The other option is to get Bangladesh, Afghanistan and perhaps Bhutan, Nepal and Sri Lanka, in joining India to boycott SAARC altogether. In case other nations don’t join in, India can go it alone and open up bilateral trade with individual countries IN South Asia, outside the ambit of SAARC. Without India, the Summit will be rendered a failure and will leave Pakistan diplomatically isolated in the South Asia.
However, the former option suggested is the more effective one and India must seriously consider attending and shaming Pakistan in Pakistan.
While military retaliation can bring us very limited gains and diplomatic retaliation will take time to show its effect on Pakistan, it is retaliation on the economic front that can bring Pakistan down to its knees and this what India should seriously consider.
India’s biggest and most effective leverage against Pakistan is water. In 1960, India signed the Indus Water Treaty (IWT) with Pakistan, under the auspices of the World Bank. The treaty mandated that India would get full use of the ‘eastern’ rivers Ravi, Beas and Sutlej, while Pakistan would get full access to ‘western’ rivers of Indus, Jhelum and Chenab.
Despite having fought two full-scale wars in 1965 and 1971 and a limited war in Kargil in 1999, the IWT has withstood the test of time with both countries respecting it.
But now, India can and must abrogate the treaty and walk away. Any treaty requires both parties to remain committed to it and it stands nullified if either party walks away. Several countries in the past, including the US, have walked away from treaties and this won’t be the first instance.

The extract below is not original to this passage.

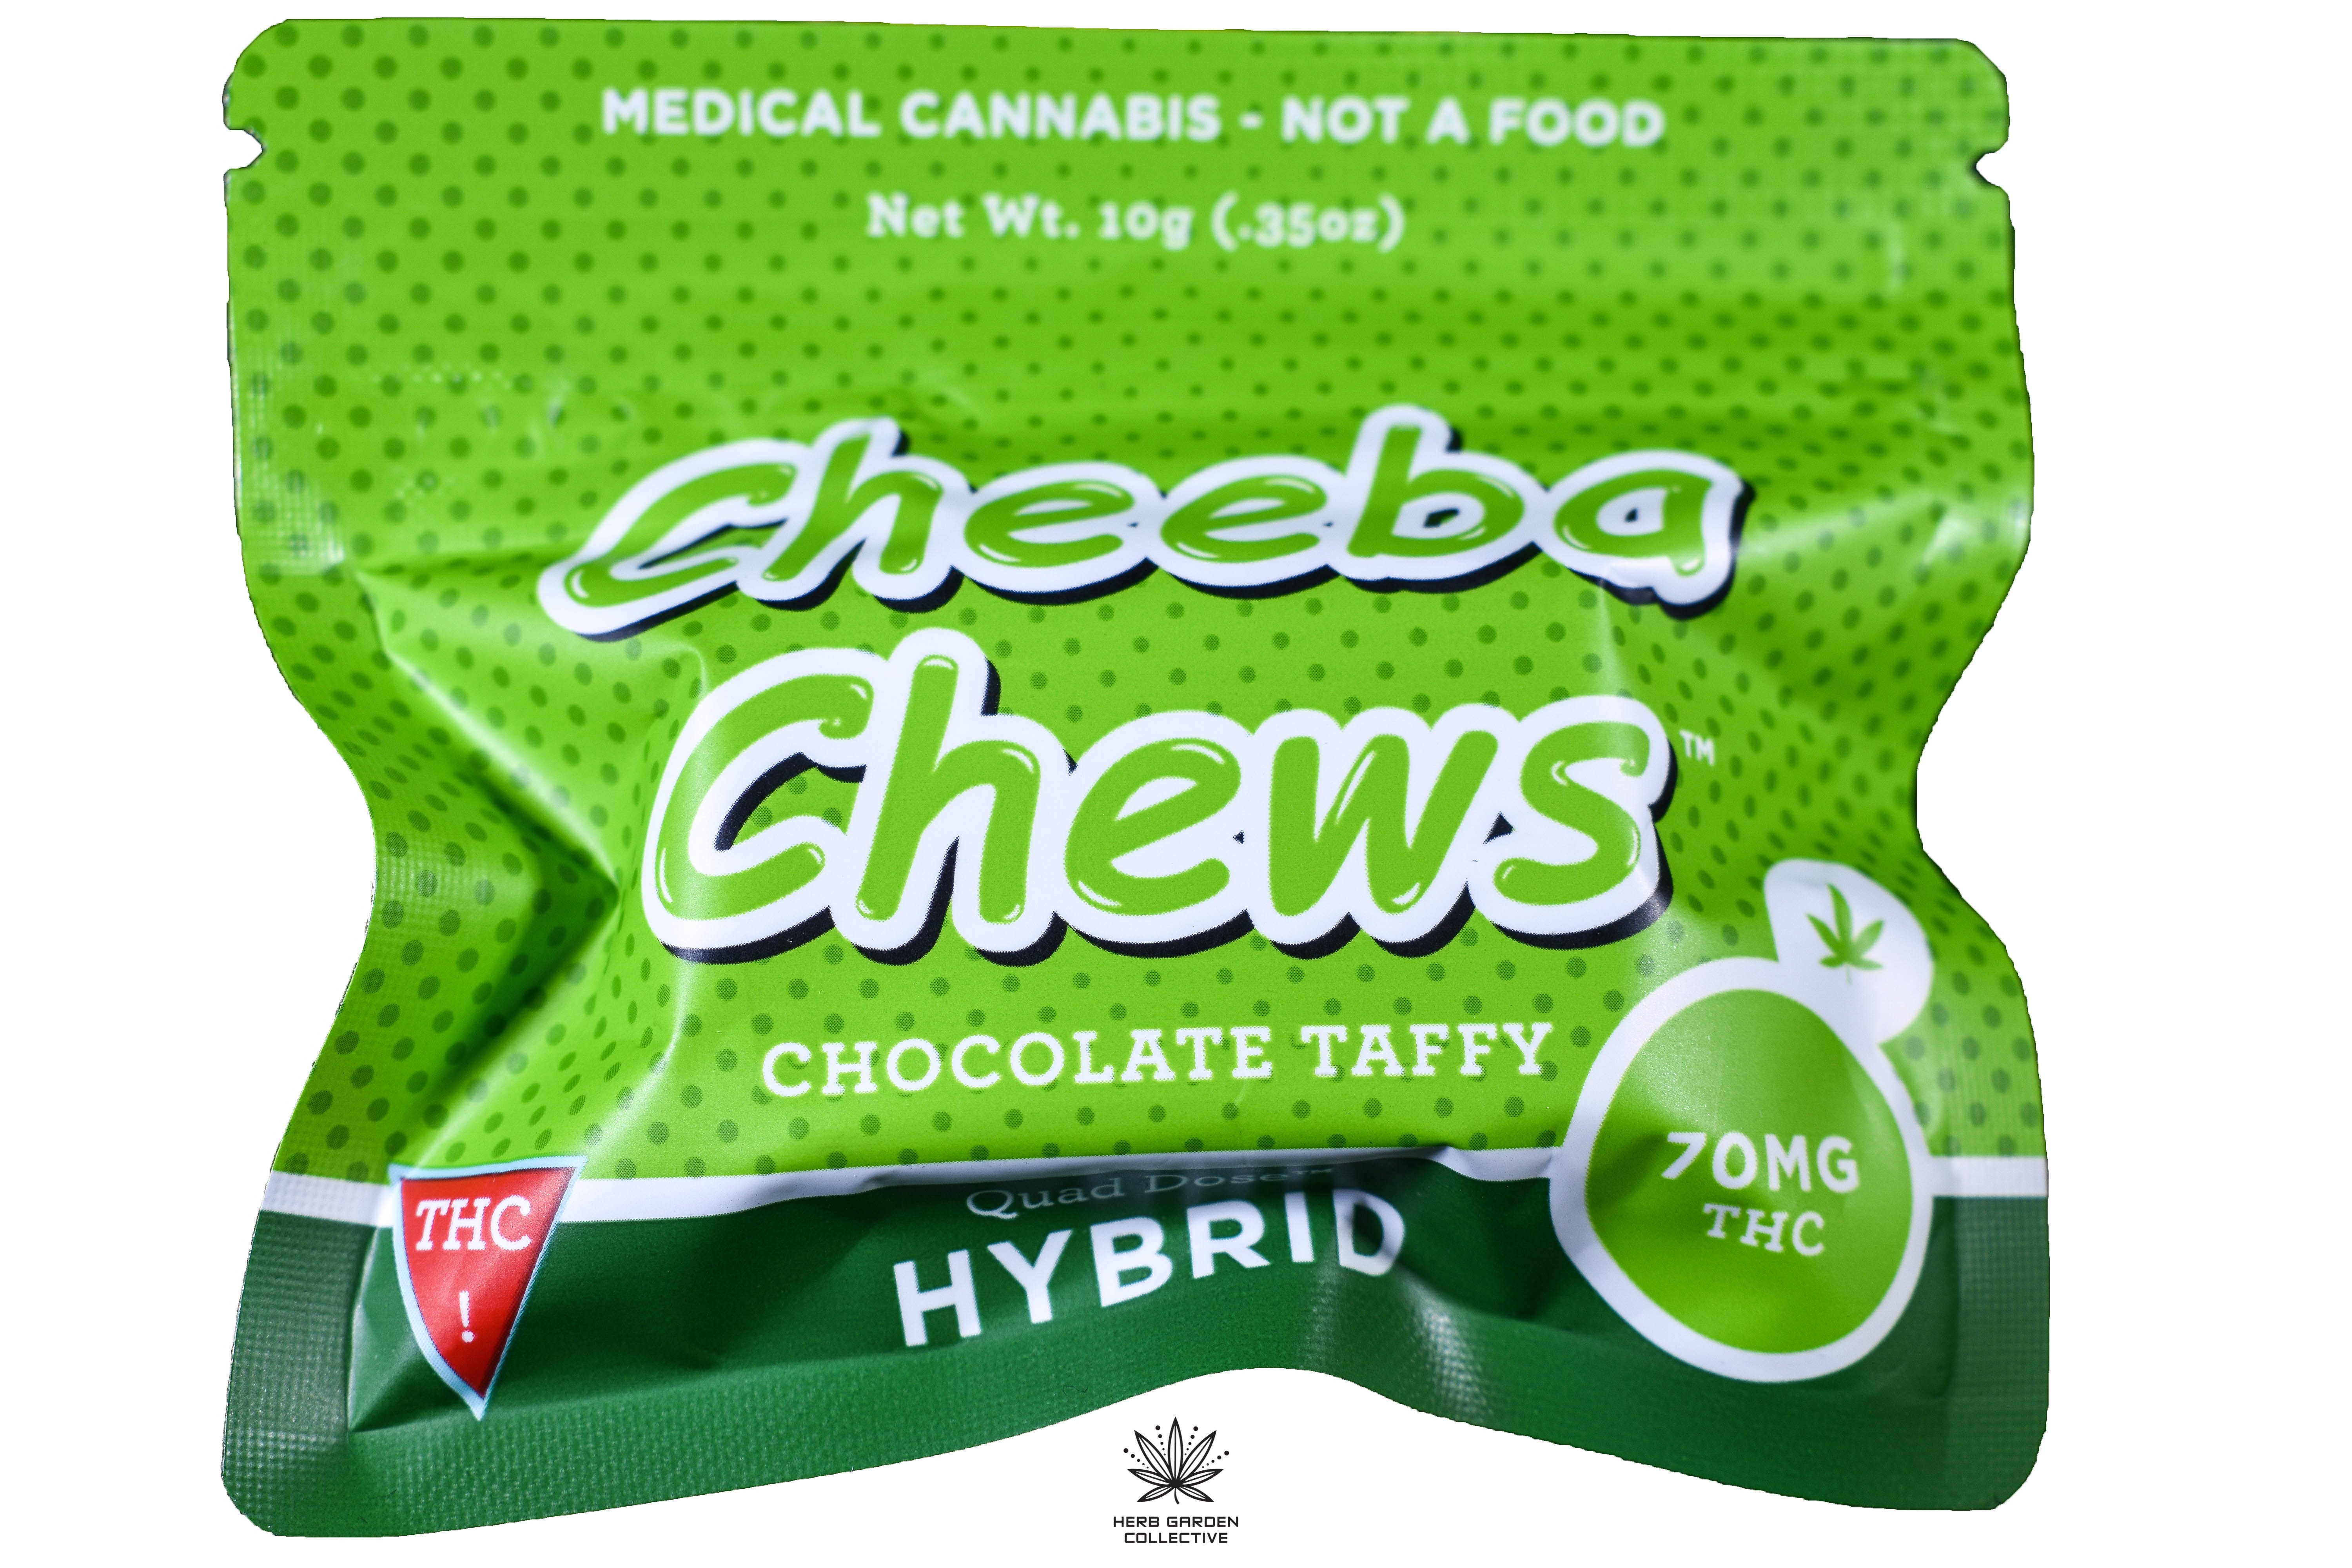 marijuana-dispensaries-820-south-main-st-los-angeles-cheeba-chews-chocolate-taffy-hybrid-70mg
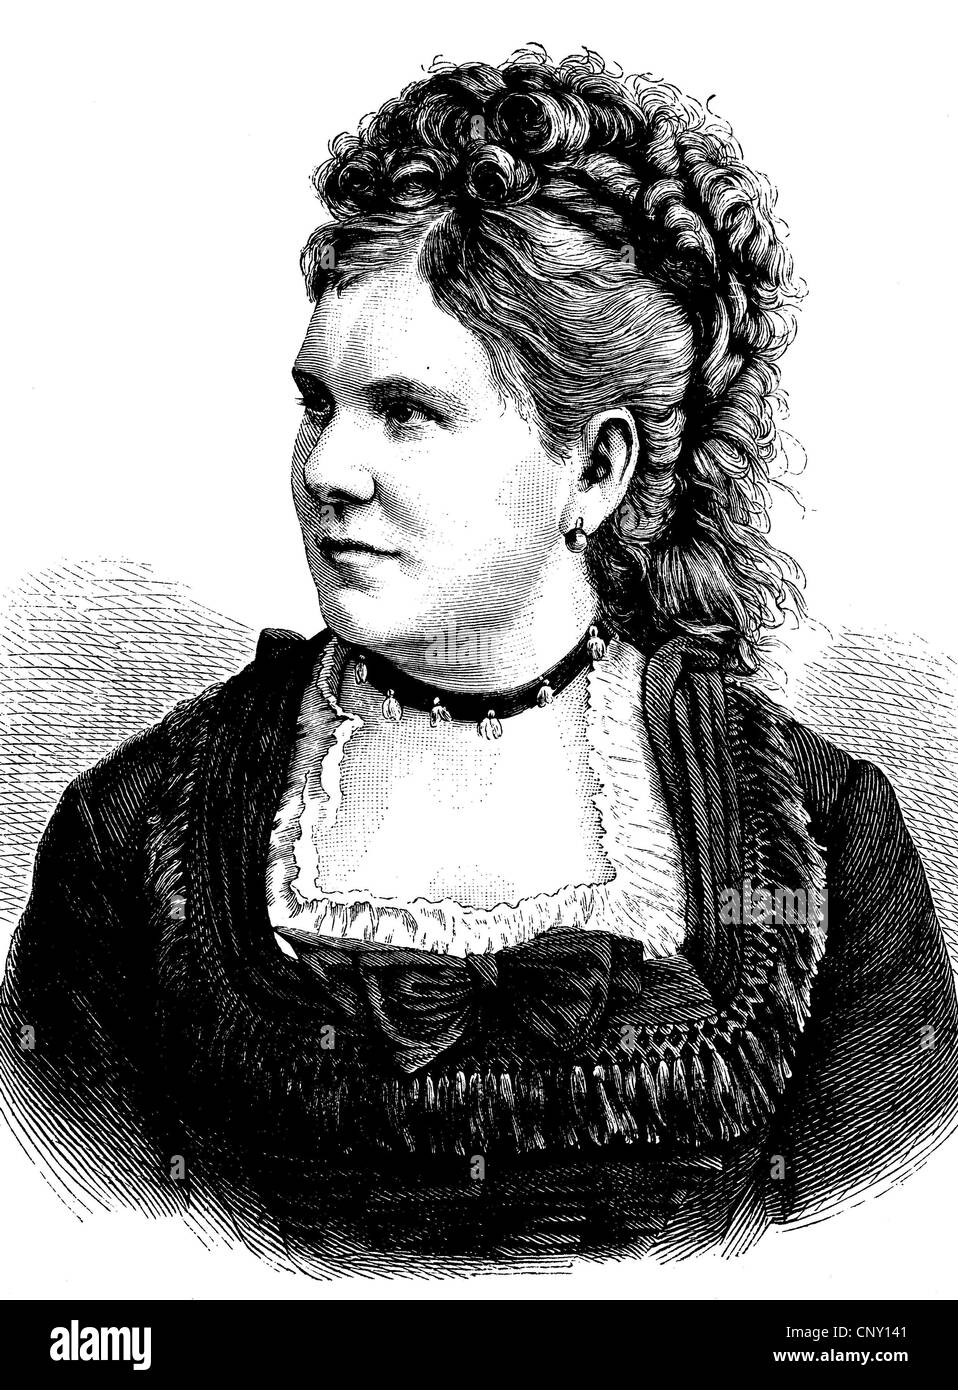 Vilma von Voggenhuber, 1841 - 1888, a soprano singer, historical engraving, about 1889 Stock Photo

India can turn the tap off the Indus, Jhelum and Chenab rivers and divert its waters to India. If that happens, Pakistan will starve its food bowl, Punjab. If water is stopped even for a few days, people will revolt against their government and the military.
See the violent reaction in Karnataka on the Cauvery River judgement and gauge the potential impact on Pakistan, if waters of Indus, Jhelum and Chenab are to be denied to it.
Water is a sensitive issue anywhere and wars are likely to be fought over it in future. Now would be a good time for India to demonstrate to Pakistan that it means business and won’t tolerate it’s duplicitous activities in sponsoring terror.
If it still wants to dream of Kashmir, it will have to survive first. And the best part, not a single bullet would be fired from the Indian side. That’s the power of what we control but haven’t even considered against Pakistan, thus far.
Abrogating the IWT will force Pakistan to come to the negotiating table from a position of weakness, just as in 1972 in Shimla, and it will then be upto India to set the agenda and the terms. Pakistan government will have no choice but to comply, given the domestic pressure its people would have built on it.
This would also be a good time to get Pakistan to force its military to de-nuclearize and scale down in size, while committing itself to non-involvement in areas not related to military.
Time to show political spine
Enough of playing the goodly neighbour. It’s now time for India to take the bull by its horns and make Pakistan count the cost of each life lost on our side, civilian or military.
Both sides have nuclear weapons but so did Russia and China when they got into frequent bloody skirmishes along their border. Walking away from IWT would be far more effective than any economic sanctions on Pakistan, especially since it has the patronage of its benefactor, China, which will counter any drastic impact that sanctions may have on Pakistan. After all, China has a track record of propping dictatorships like North Korea which faces constant international sanctions and isolation but continues to survive.
Time to turn the tap off on Pakistan.